## TASK BRIEF
In the entries below, find the line with "ニッコロ・アルベルガーティ枢機卿 by Jan" and the line with "Giới luật pháp"; reproduce those two lines and all lines between them exactly, without pictures.

## RECORDS FOR THE TASK
§ §

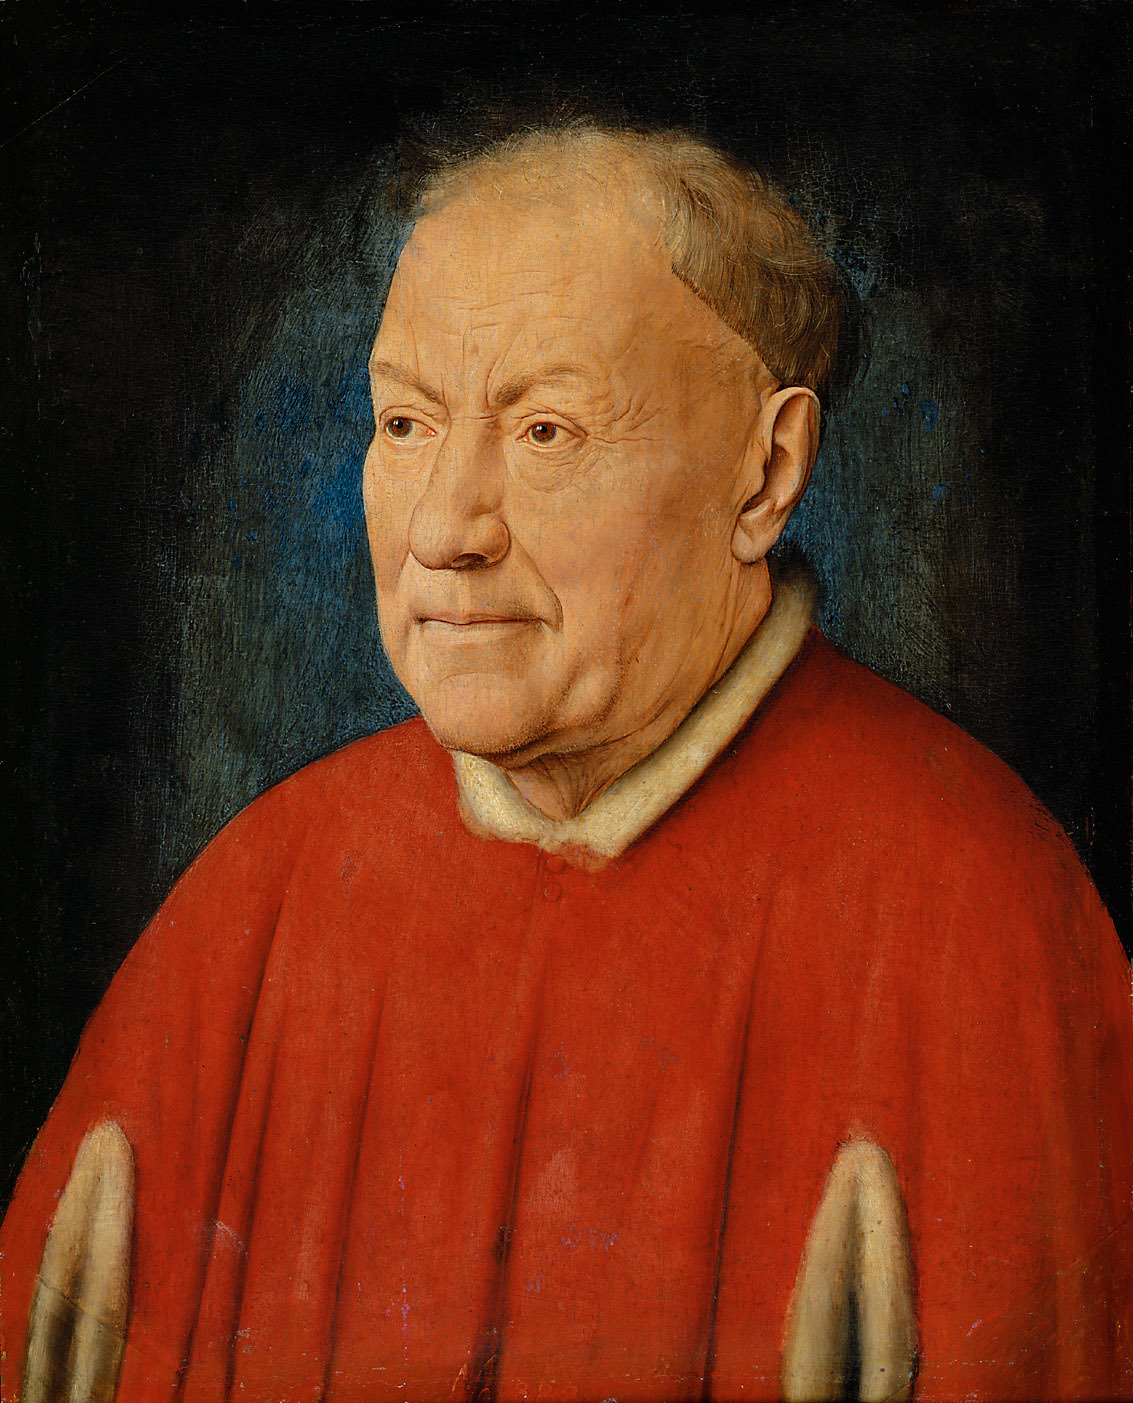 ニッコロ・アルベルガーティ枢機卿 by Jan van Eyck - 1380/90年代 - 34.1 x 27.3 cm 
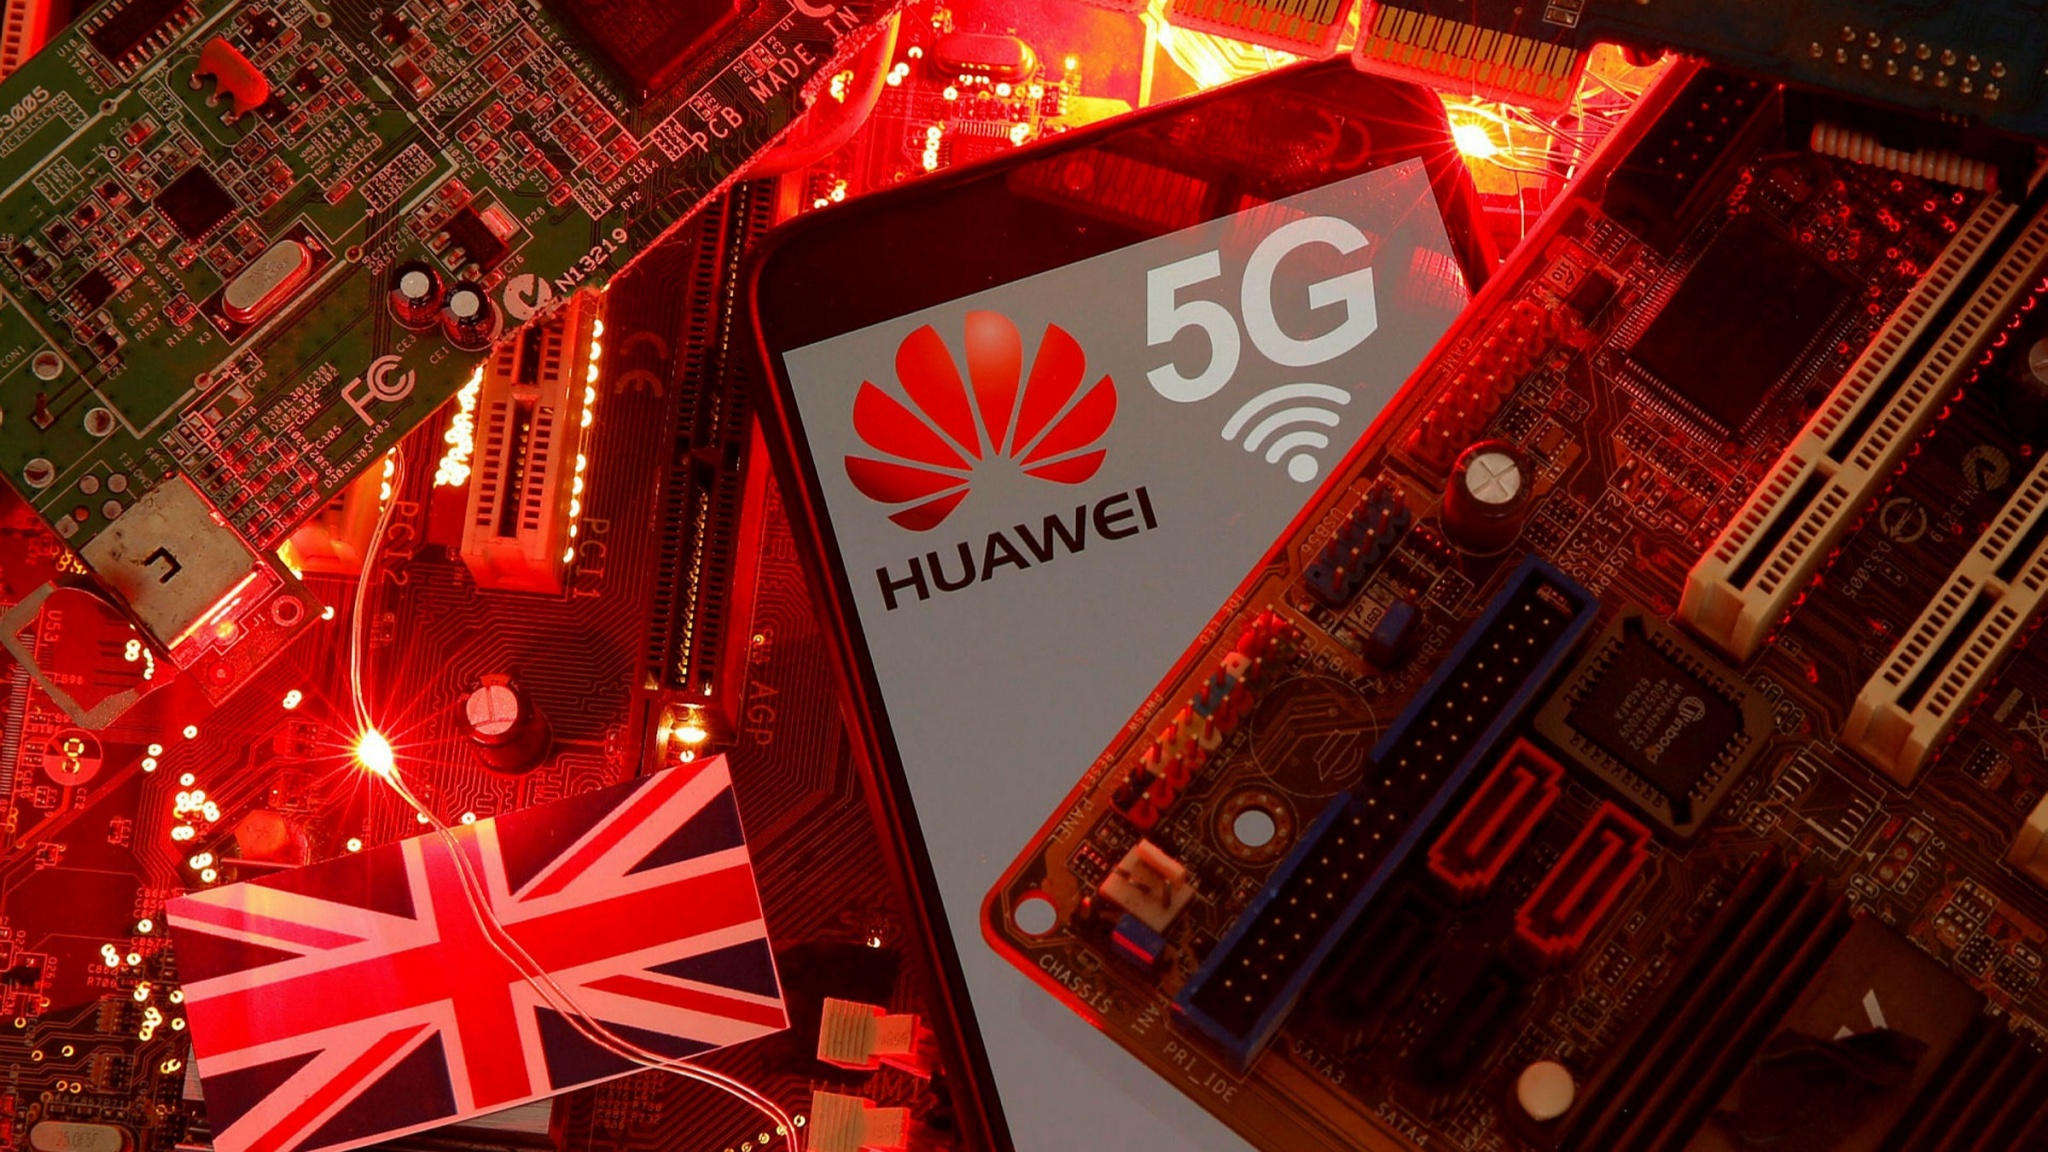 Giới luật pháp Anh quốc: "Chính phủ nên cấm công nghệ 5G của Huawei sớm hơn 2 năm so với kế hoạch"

§ §

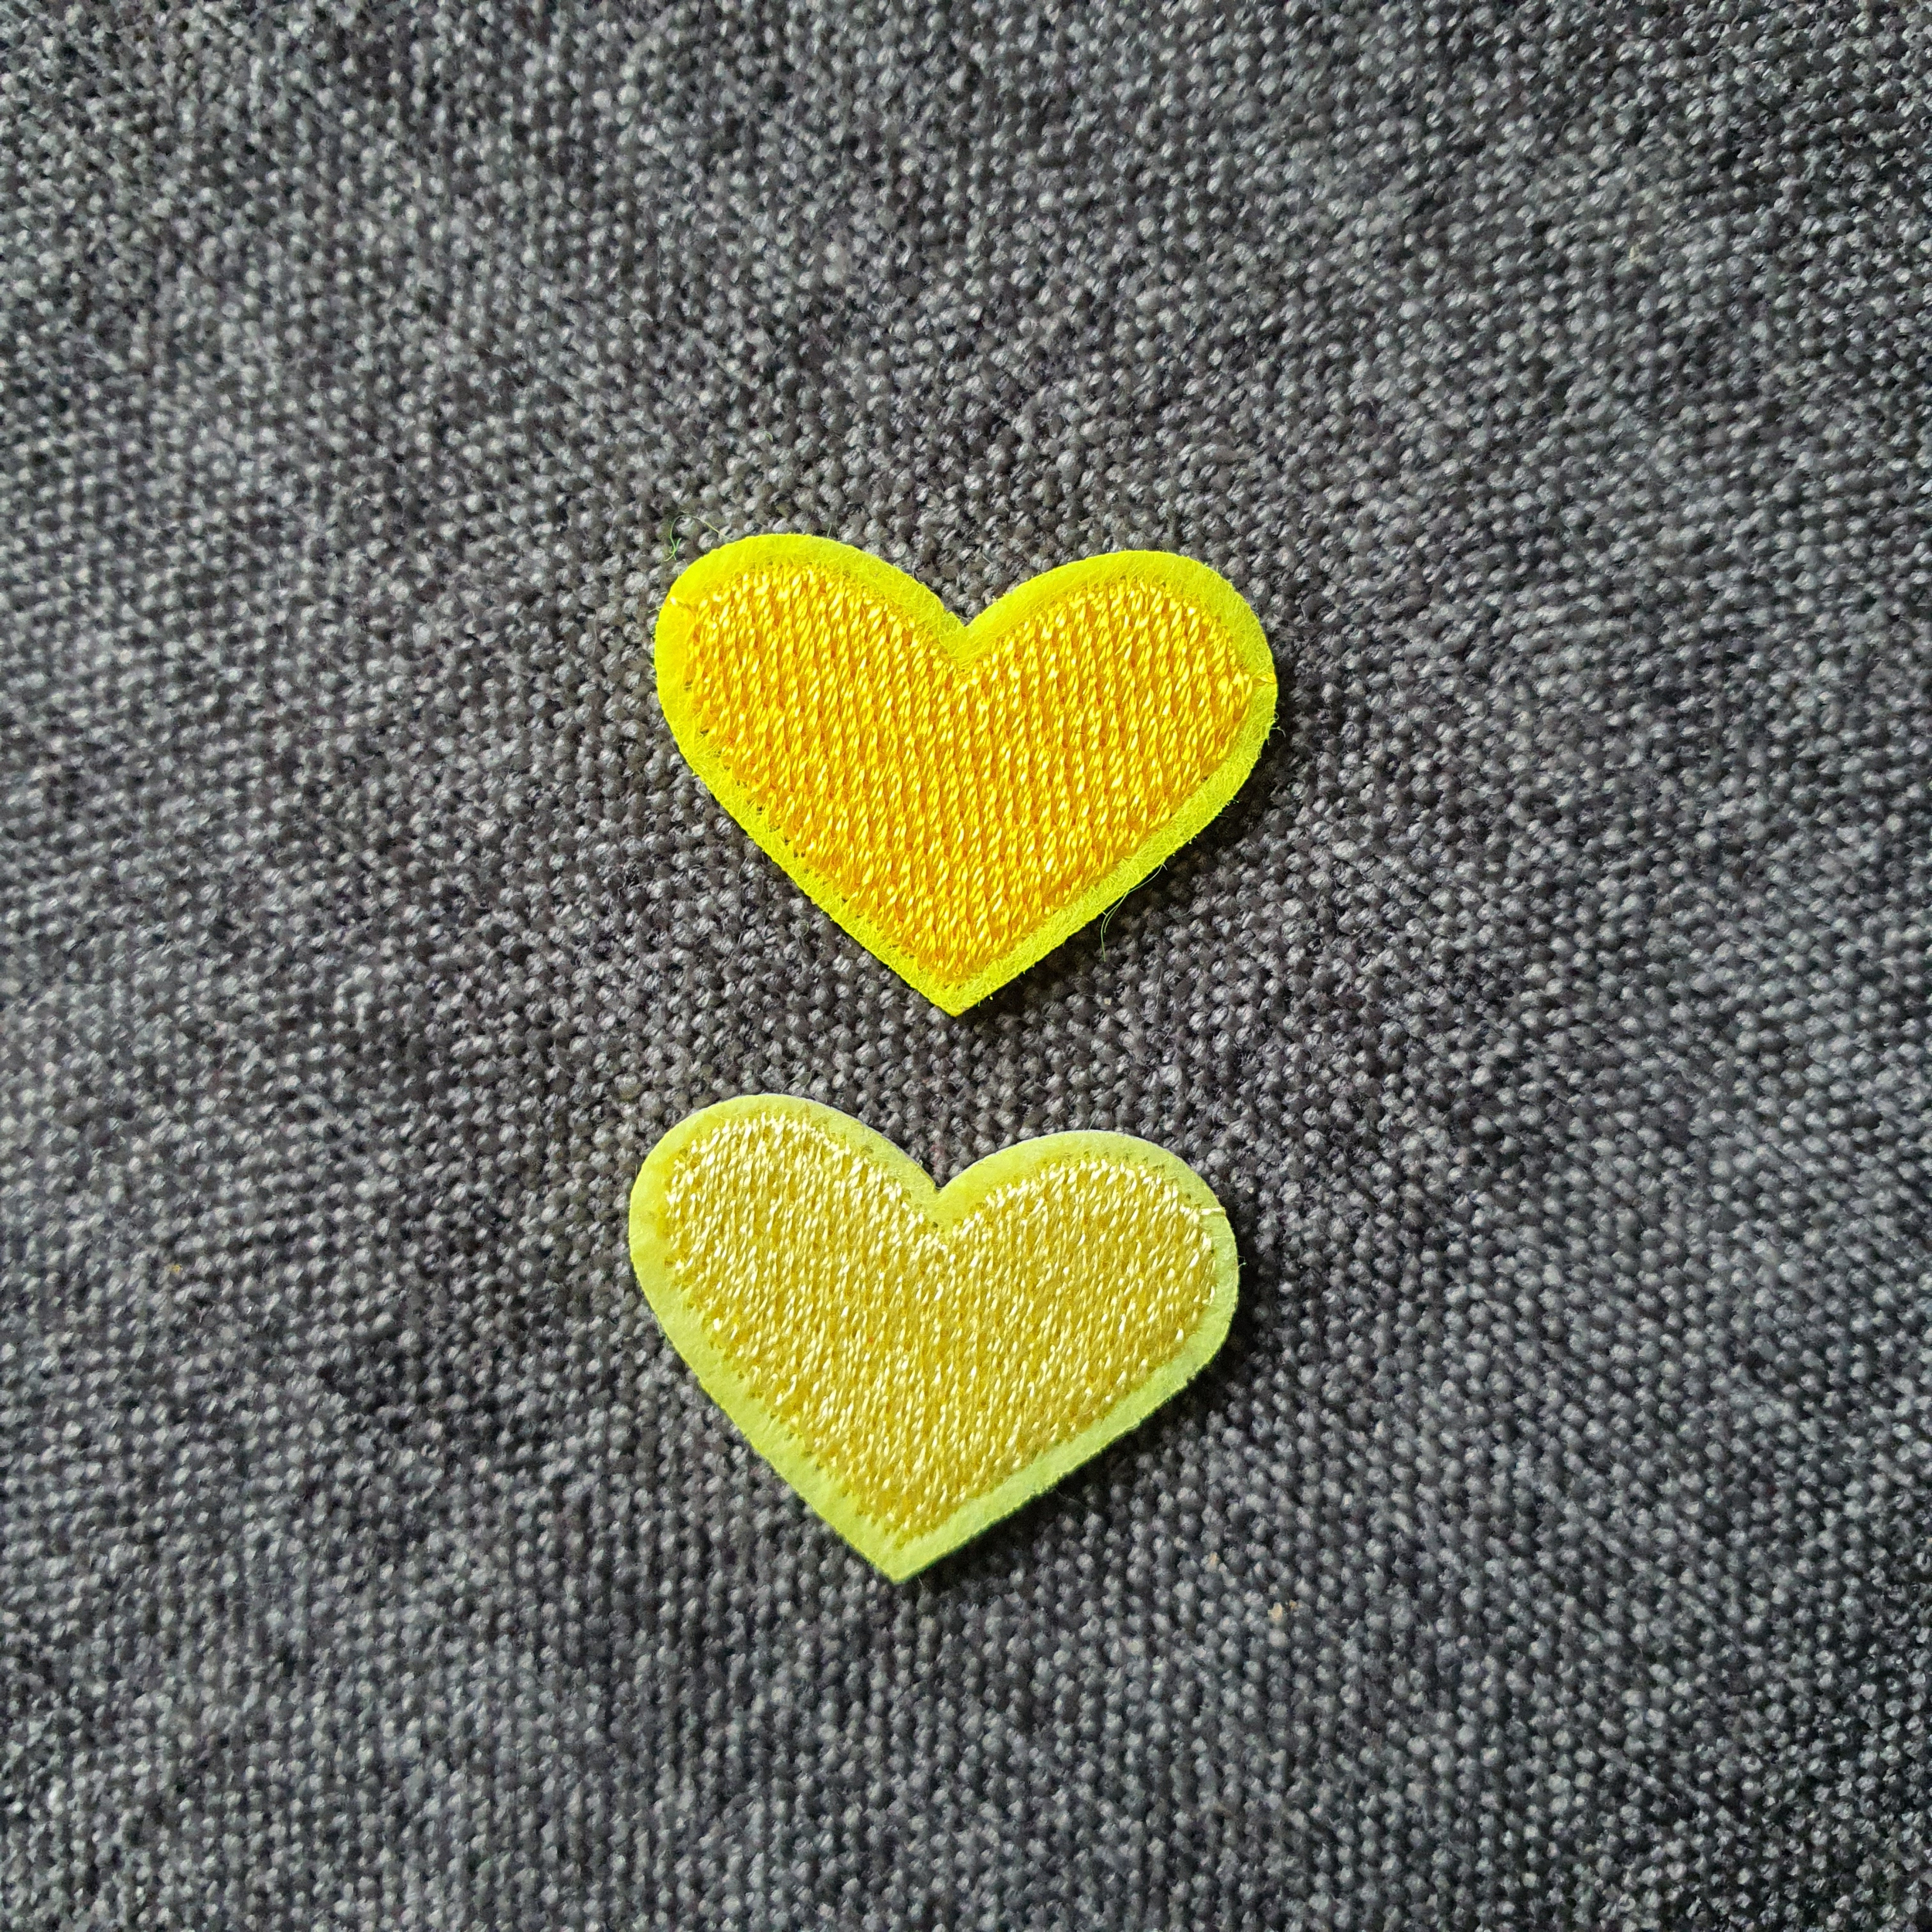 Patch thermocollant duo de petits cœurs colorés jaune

§ §

## RESPONSE
 ニッコロ・アルベルガーティ枢機卿 by Jan van Eyck - 1380/90年代 - 34.1 x 27.3 cm 
 Giới luật pháp Anh quốc: "Chính phủ nên cấm công nghệ 5G của Huawei sớm hơn 2 năm so với kế hoạch"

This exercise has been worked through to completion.